For me, this is a great coffee to start with, as it is deeply complex and with exactly the same roast time and colour as the second coffee in our line-up, but it tastes way more developed than it is. Often this could be attributed to freshness from harvest, I don’t think this is.
TOP TRUMPS
Country: Peru
Farm name: Tinajay
Owners; Julia and Dionisia Romero
Department: Junin
Province: Huancayo
District: Santo Domingo de Acobamba
Community: Pumabamba
Farm size: Both Julia and Dionisia have about 1 hectare each, yielding 10-15 bags of coffee each.
Altitude farm: 2270 meters above sea level (High like African coffee…)
Varietals: 90% Typica and 10% Bourbon
Process: Fully washed: Selective picking, immediate de-pulping. Depending on the weather but an average of 36-40 hours of fermentation Drying: Dried for 15-20 days
Temperature: Approx. 15-22° Celsius during the day and 8-10° Celsius at night
Soils: Loamy clay, with an arable layer of 30 to 40 cm deep, presence of gravel, pH neutral, and presence of an abundance of organic matter.
Main Harvest period: June – October
Cup potential:
Aromatics: Fruit cake | Body: Creamy | Acidity: Citric~sweet|
This is a really intriguing coffee, to me. On opening, this coffee is big-bodied and densely creamy with surprising juicy acidity. This is such a great sign. As the cooling starts, the jammy complexity opens up (just when you thought, is this just going to get chocolatey?) and there is a blackberry (he uses this descriptor with caution) sweetness and citrus linger.
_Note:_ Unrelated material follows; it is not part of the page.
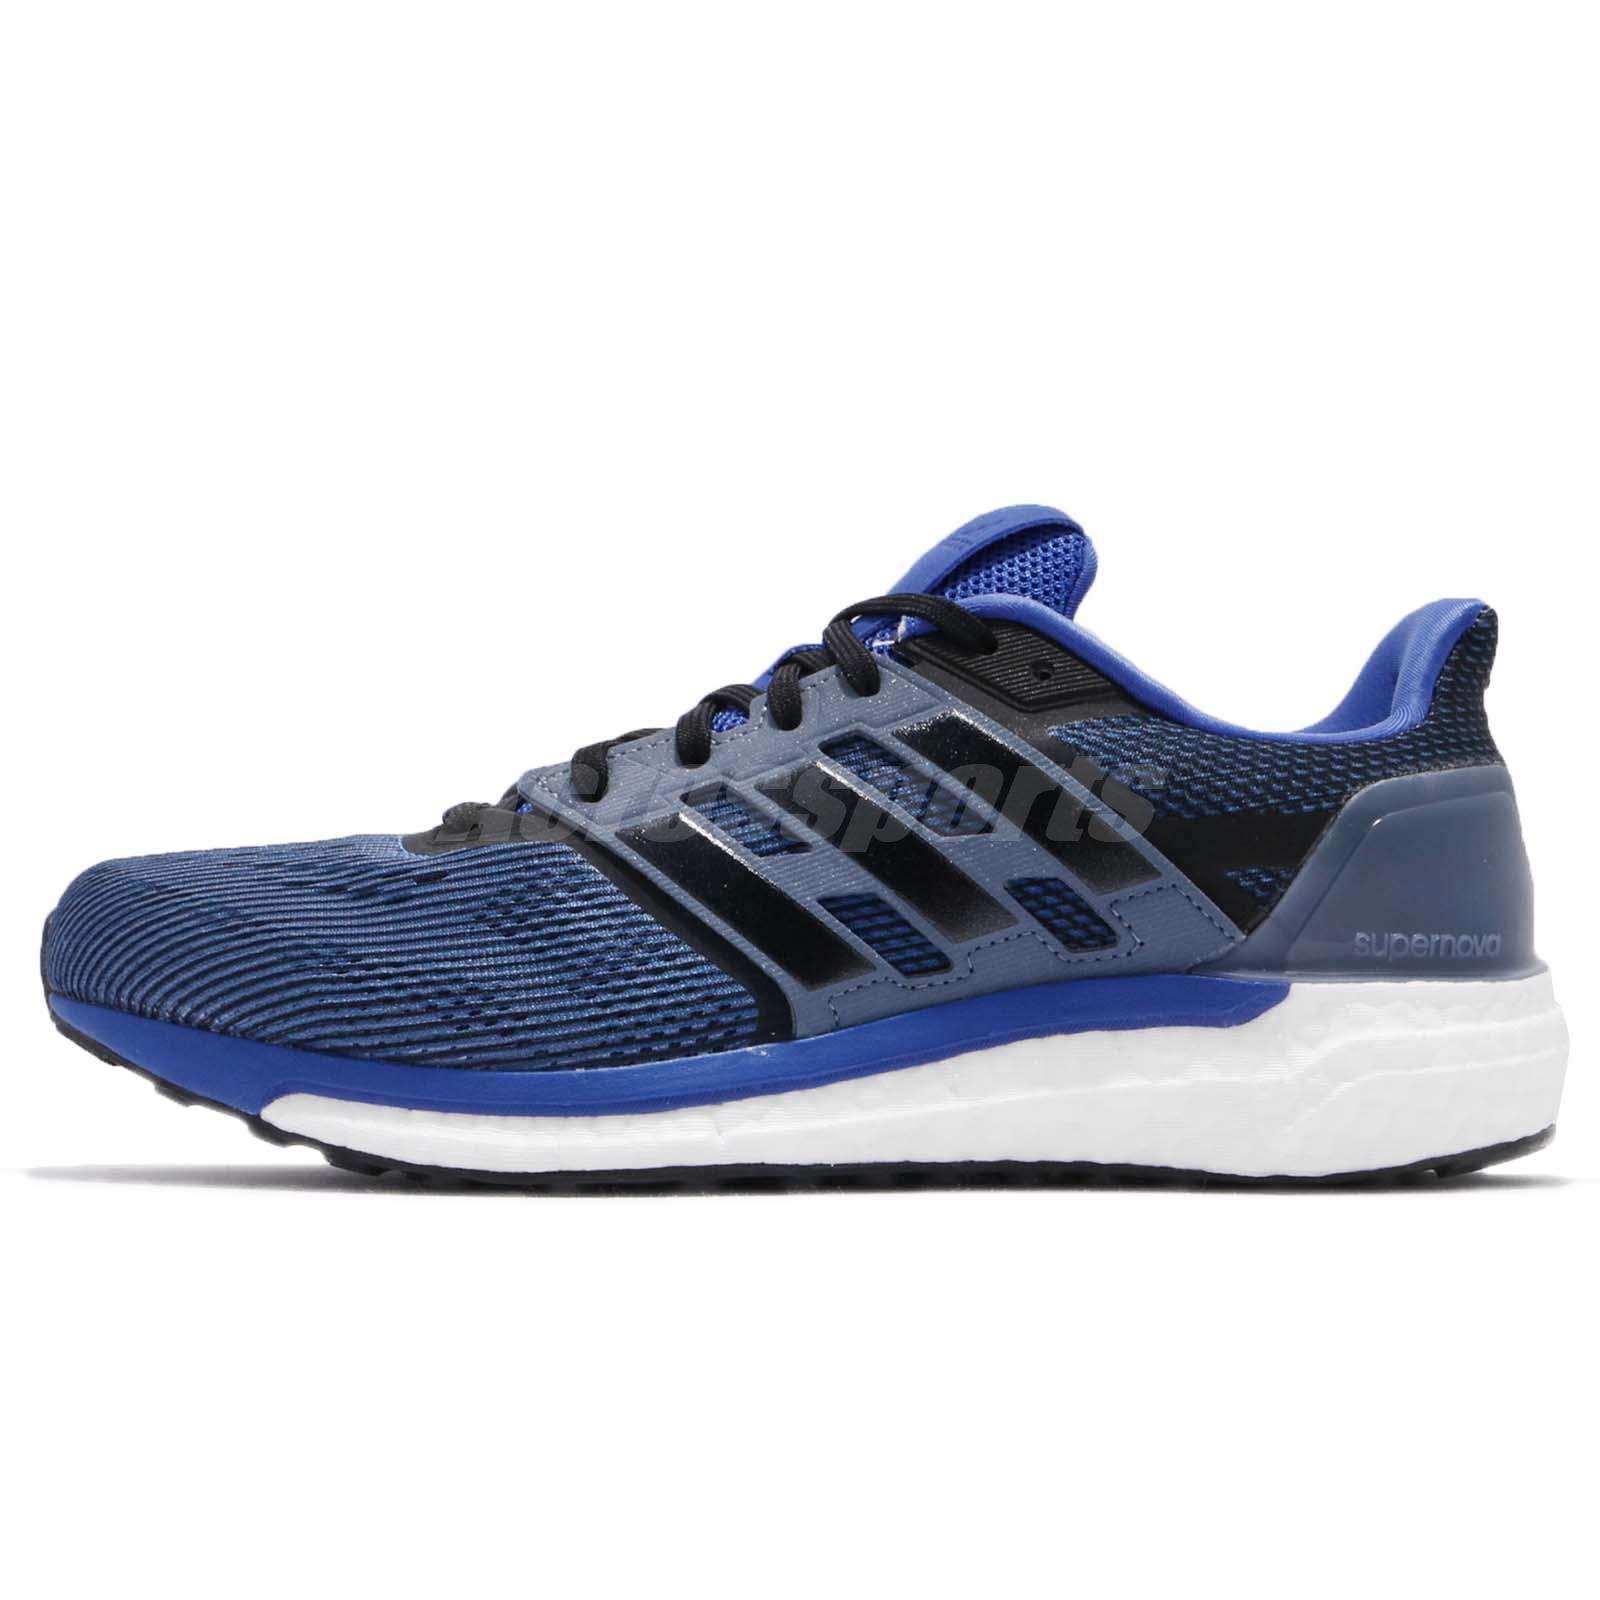 adidas Supernova M Hi-Res Blue Black Steel Men Running Shoes Sneakers CG4020 631f1b0c7

I have gone back to this coffee so many times because I am drawn to the fact that it isn’t simple and it isn’t very sweet. Really interesting to brew and explore what you can do with it. It can be a little dry if you over-extract it, for the record.
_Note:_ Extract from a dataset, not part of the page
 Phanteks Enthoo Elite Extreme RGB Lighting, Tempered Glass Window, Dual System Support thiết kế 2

In V60: I am aware that by changing my V60 recipe, I can’t consistently compare it with another brew method. Using 31.2g of coffee into 500ml in 3 minutes 30 secs/ 95C water, with a 50-second bloom, gave me the closest I have gotten to the best bits that happen in a cupping bowl. This certainly gave me the beginning and the end of the great bits in the cup, but the middle. My brewing continues to be a work in progress.
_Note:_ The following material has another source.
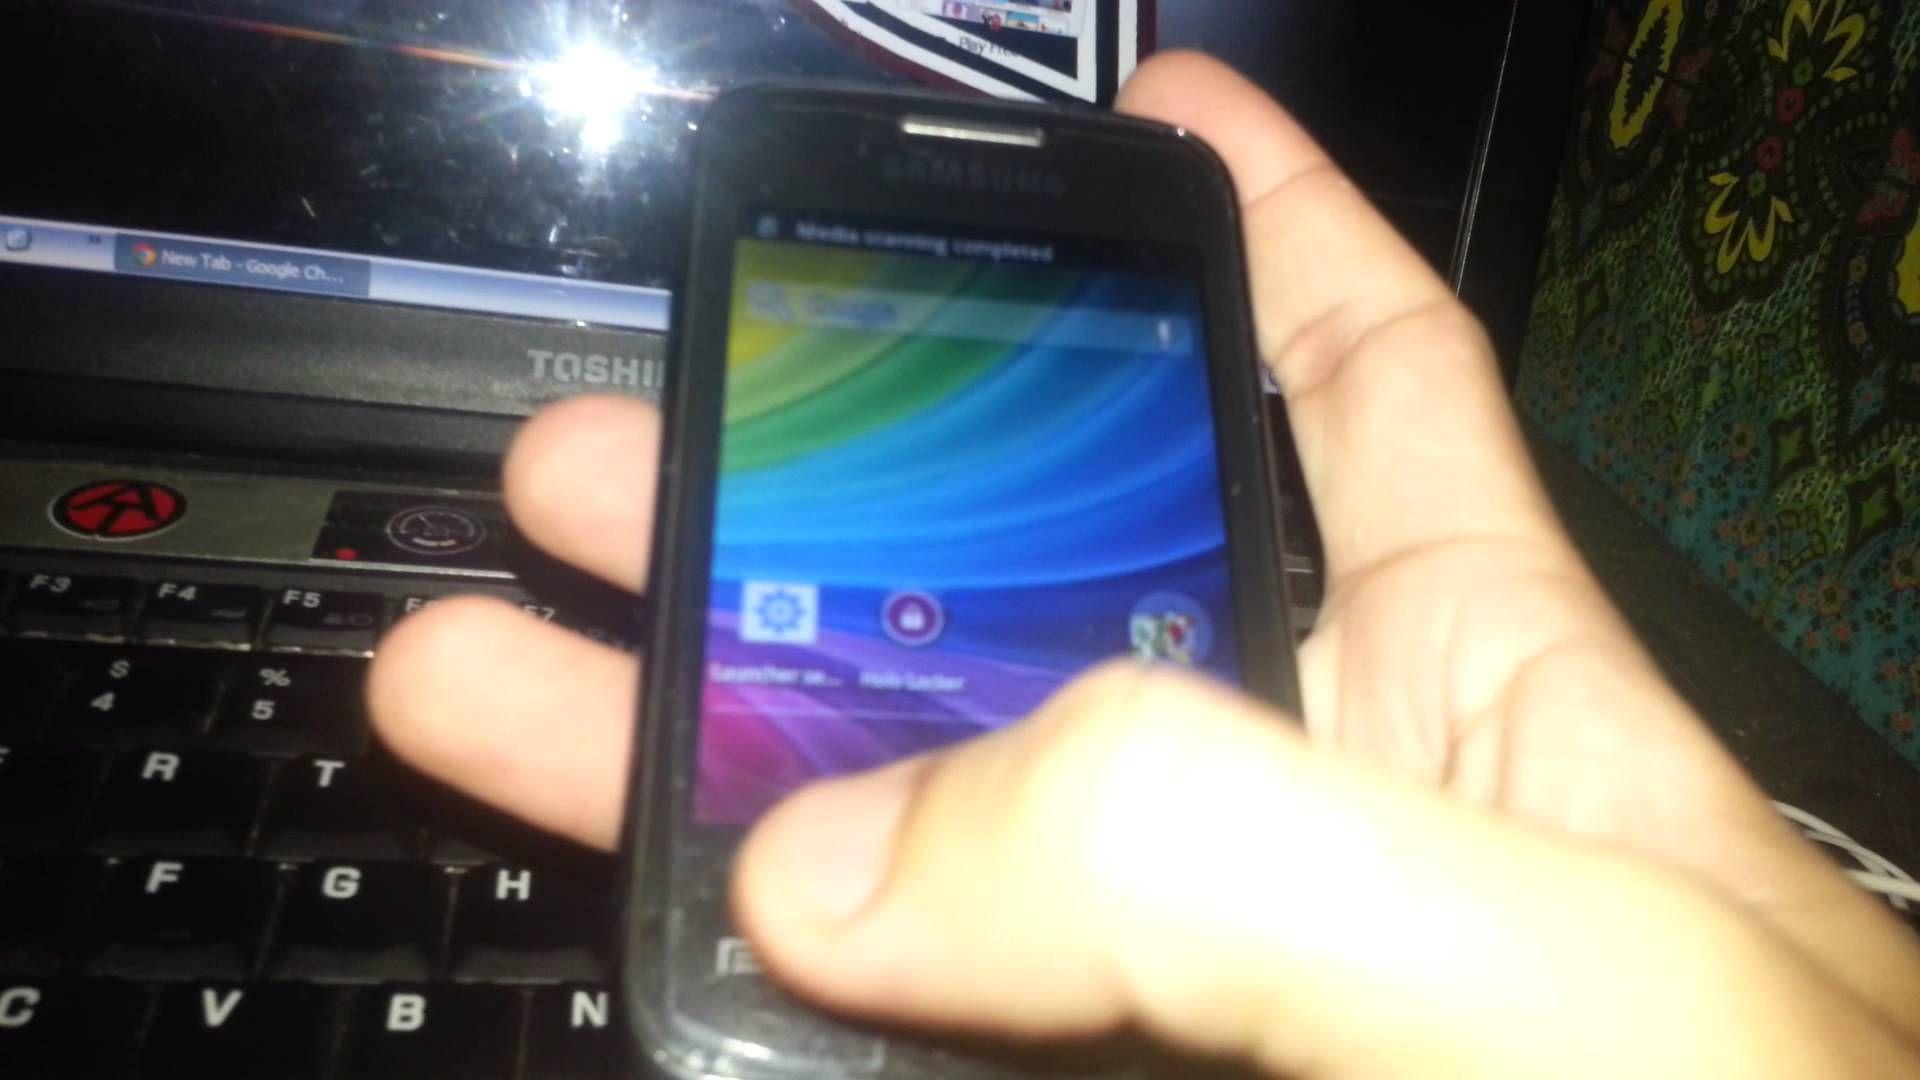 Gallery for gt samsung galaxy s6102 - Free Samsung Gt S6102 Galaxy Y Duos Magic Fish Aquarium Live

In Espresso: This is a light to medium filter roast but has incredible soluble in espresso. Running up to 9oz in milk-based, this is brown sugary, and (unsurprisingly) lactic/caramel-like. Flat whites extracted well have that superb fruit and the espresso is king. I would start with a 1:2 ratio 17g (or whatever you like in) and 34g out in 30-35 seconds.
Roast level: Medium Filter.
Back story
Really, is there coffee growing in Huancayo?” This would be the first question that someone from Peru will ask you when you’d mention that you are buying coffee from a remote area in the Huancayo province. And indeed, on the way to the farms in Valle Pauran you pass the typical Andes landscapes; cold, windy mountain peaks with hardly any vegetation. You see people with woolen mantles and socks, wearing their hats and walking with their herd of sheep and goats. You can even see a mountain peak with snow in the mountain range in front of you. Then it is hard to imagine you will soon see coffee trees. But the desolate plains slowly turn into green and lush hills where coffee grows, still at the staggering altitude of 2200-2400 meters above sea level. This coffee is produced by two women, Julia & Dionisia, who live in the Pumabamba village, in the heart of the Valle Paurán zone with most of the coffee growing at a staggering 2200-2350 meters above sea level. Like many other growers in this region, Julia and Dionisia have small coffee plots of 1 hectare in production.
Yet, having their farms in such a unique micro-region and coffees with a completely different flavor profile than other coffees from the Central coffee region of Peru, they would be crazy not to try and enter the specialty coffee market.